** Input records **
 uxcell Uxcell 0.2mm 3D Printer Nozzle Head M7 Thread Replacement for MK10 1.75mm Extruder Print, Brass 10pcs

* * *

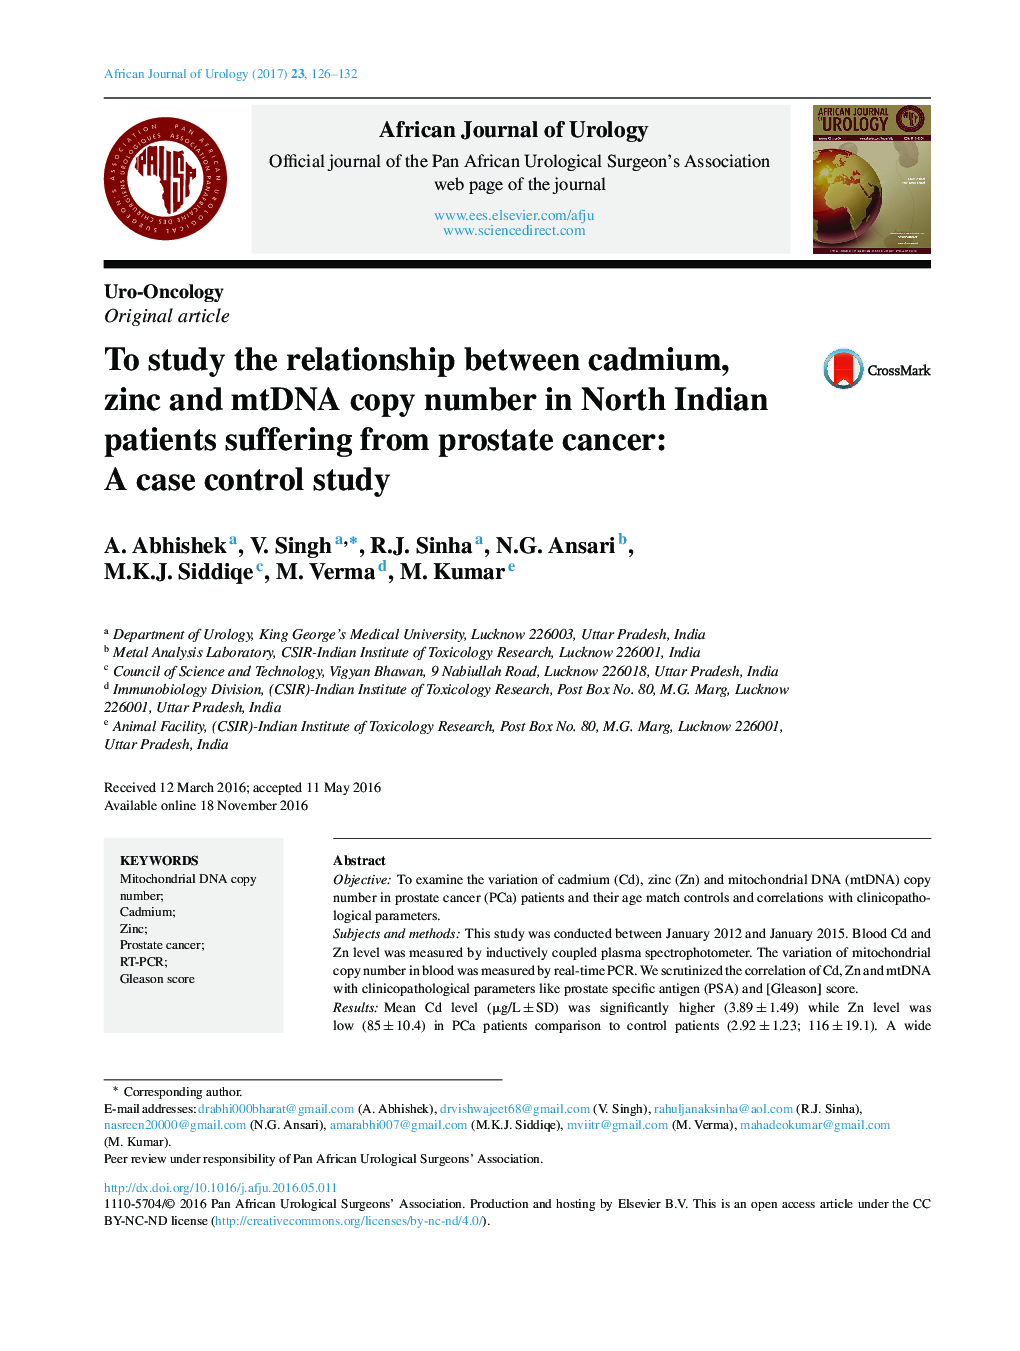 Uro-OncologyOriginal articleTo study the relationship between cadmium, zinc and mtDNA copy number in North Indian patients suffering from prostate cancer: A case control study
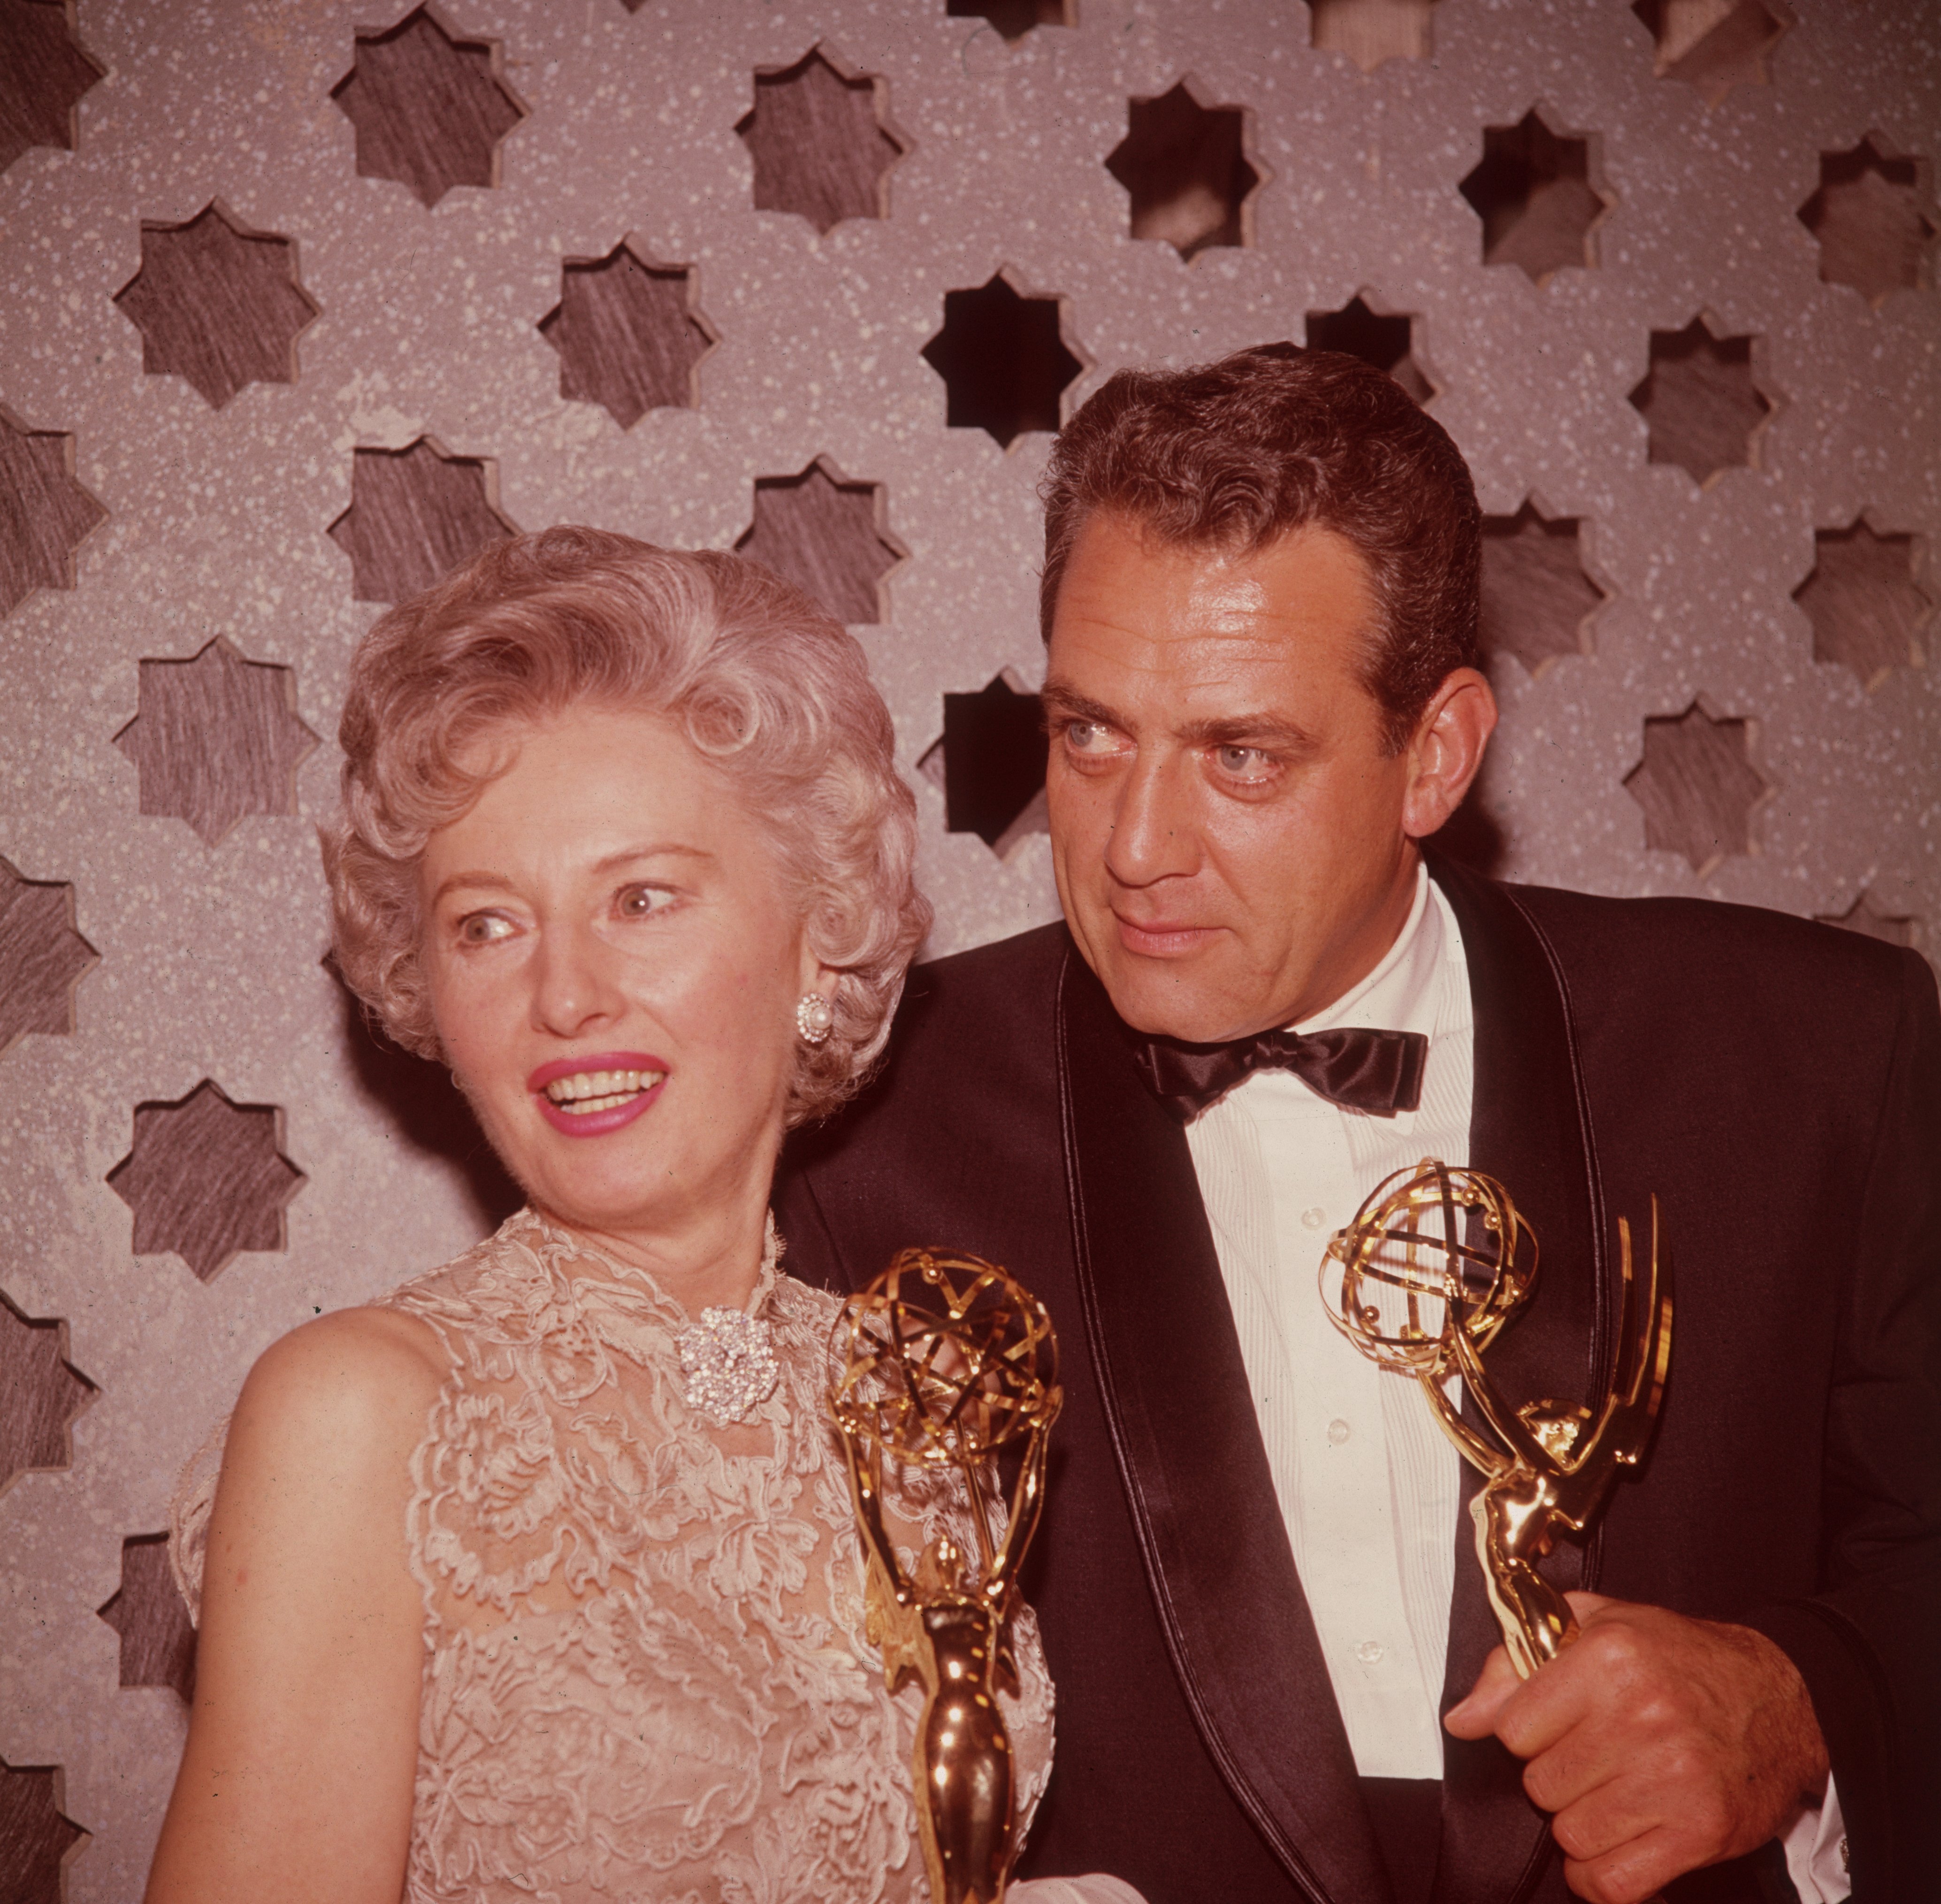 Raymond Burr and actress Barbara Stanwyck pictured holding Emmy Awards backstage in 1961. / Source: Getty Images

** Task brief **
From the records above, transcribe exactly the lines starting at the one containing "Uro-OncologyOriginal articleTo study" and ending at the one containing "Raymond Burr and". Skip the pictures.

** Answer box **
 Uro-OncologyOriginal articleTo study the relationship between cadmium, zinc and mtDNA copy number in North Indian patients suffering from prostate cancer: A case control study
 Raymond Burr and actress Barbara Stanwyck pictured holding Emmy Awards backstage in 1961. / Source: Getty Images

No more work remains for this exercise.